# Given records:

· · ·

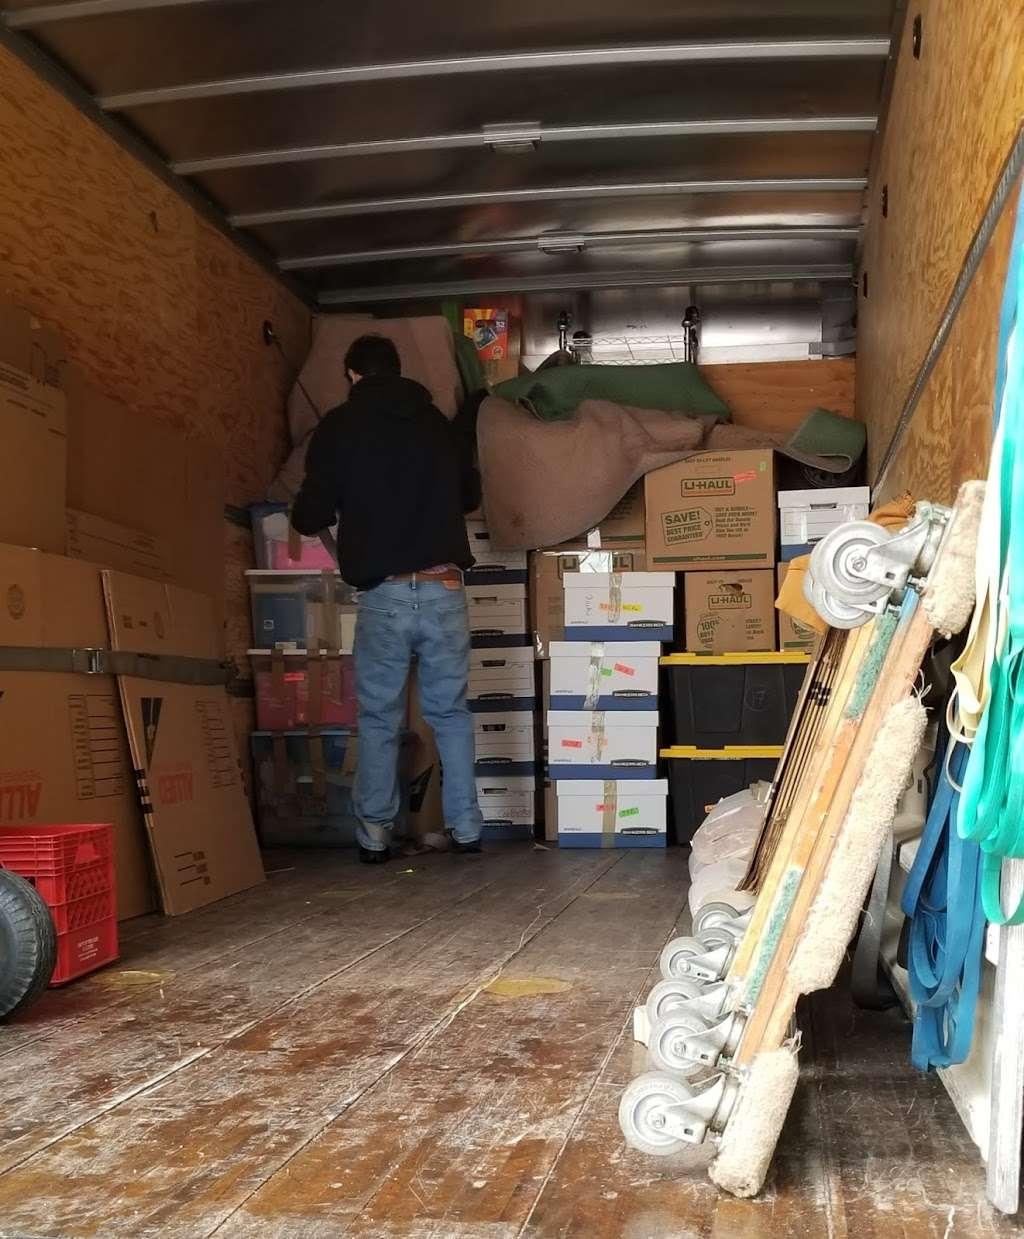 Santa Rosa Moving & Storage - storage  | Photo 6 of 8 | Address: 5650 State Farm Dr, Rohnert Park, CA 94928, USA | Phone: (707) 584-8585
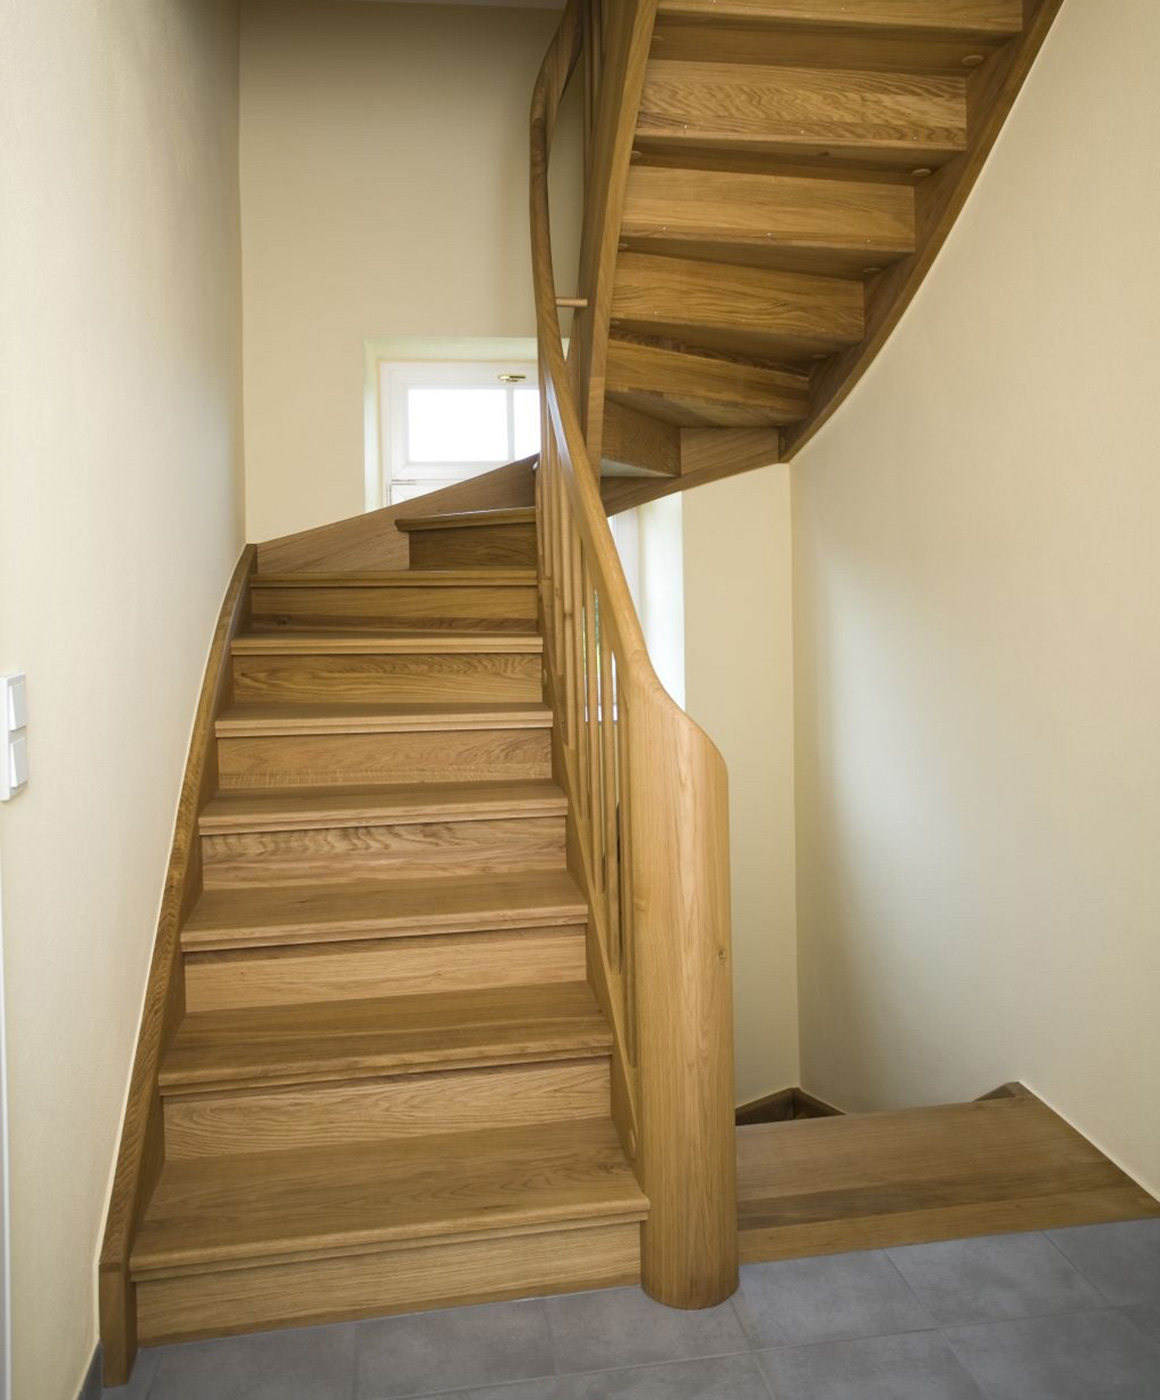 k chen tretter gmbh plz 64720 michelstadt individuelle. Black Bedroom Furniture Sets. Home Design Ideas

· · ·

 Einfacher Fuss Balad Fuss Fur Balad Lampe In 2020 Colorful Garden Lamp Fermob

· · ·

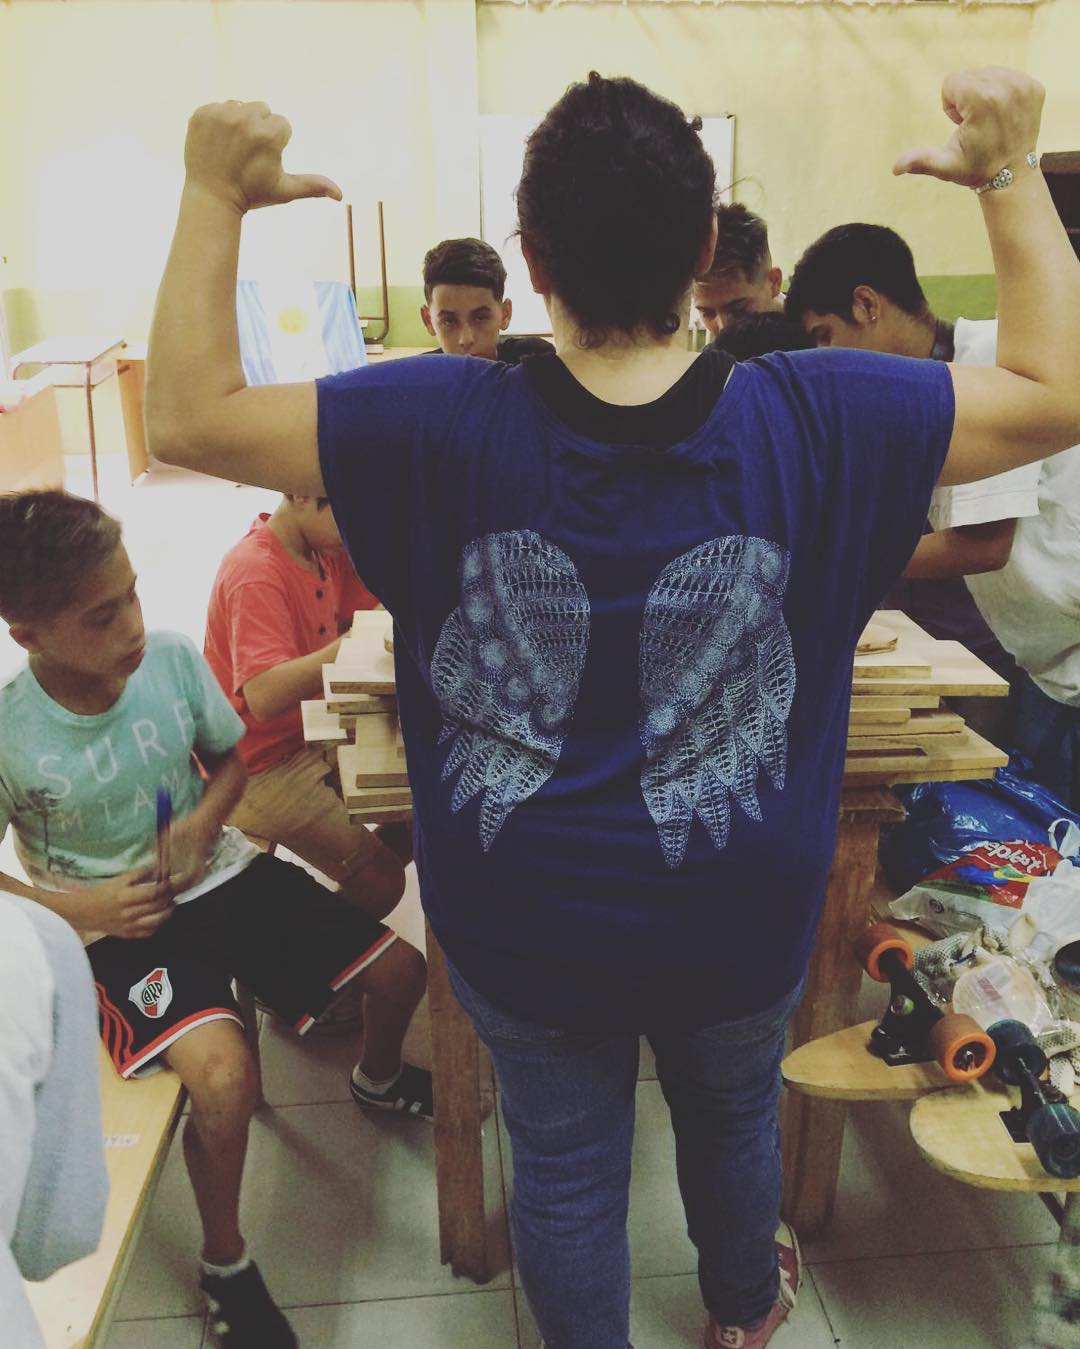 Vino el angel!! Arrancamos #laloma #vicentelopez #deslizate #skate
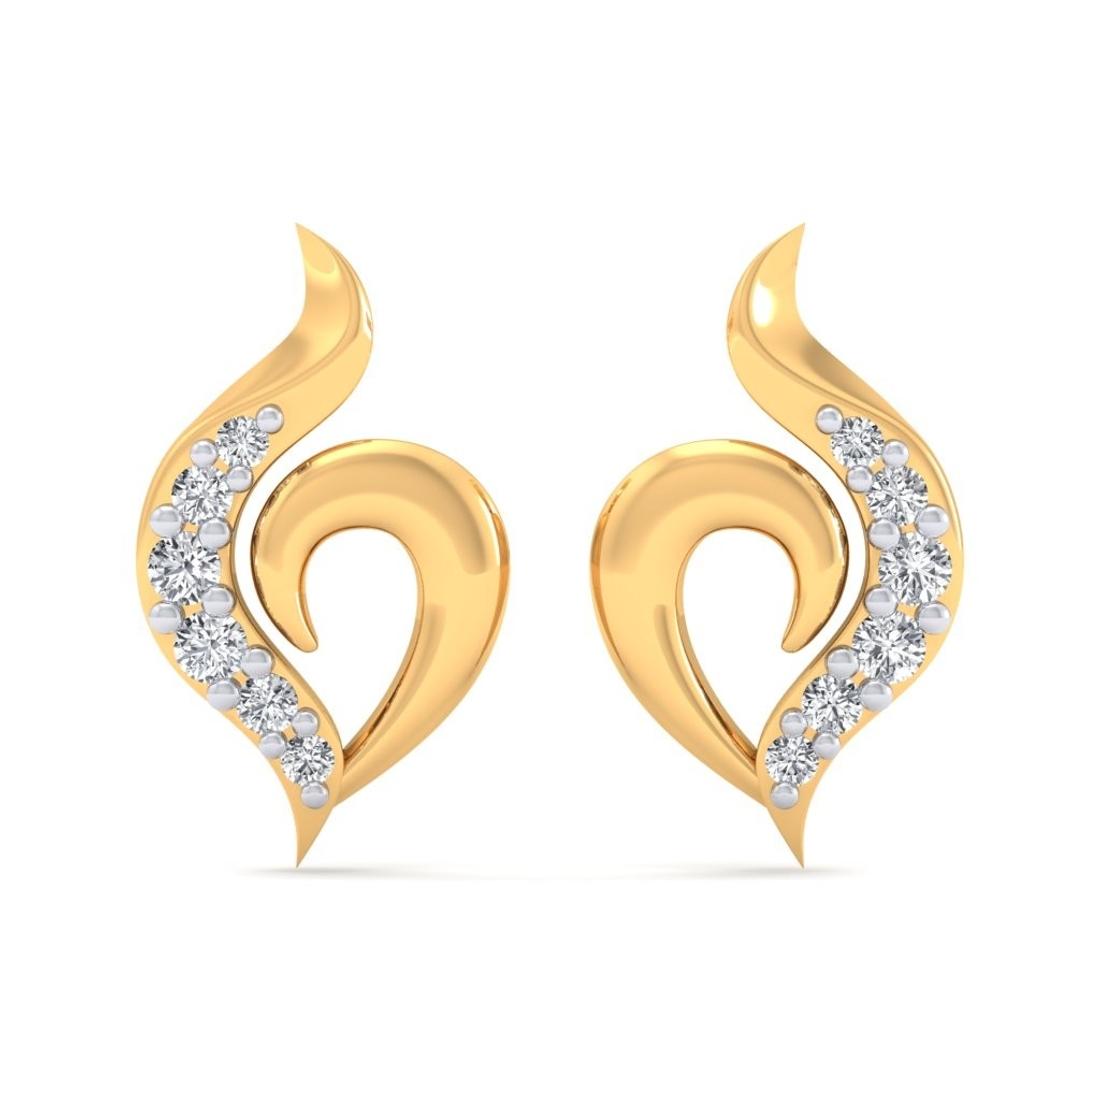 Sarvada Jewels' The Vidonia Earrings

· · ·

# Aim of the task:
An exact copy of the lines above from the one with "Vino el angel!!" up to and including the one with "Sarvada Jewels' The Vidonia Earrings" is required; reproduce only those lines, omitting all pictures.

# Solution to this problem:
 Vino el angel!! Arrancamos #laloma #vicentelopez #deslizate #skate
 Sarvada Jewels' The Vidonia Earrings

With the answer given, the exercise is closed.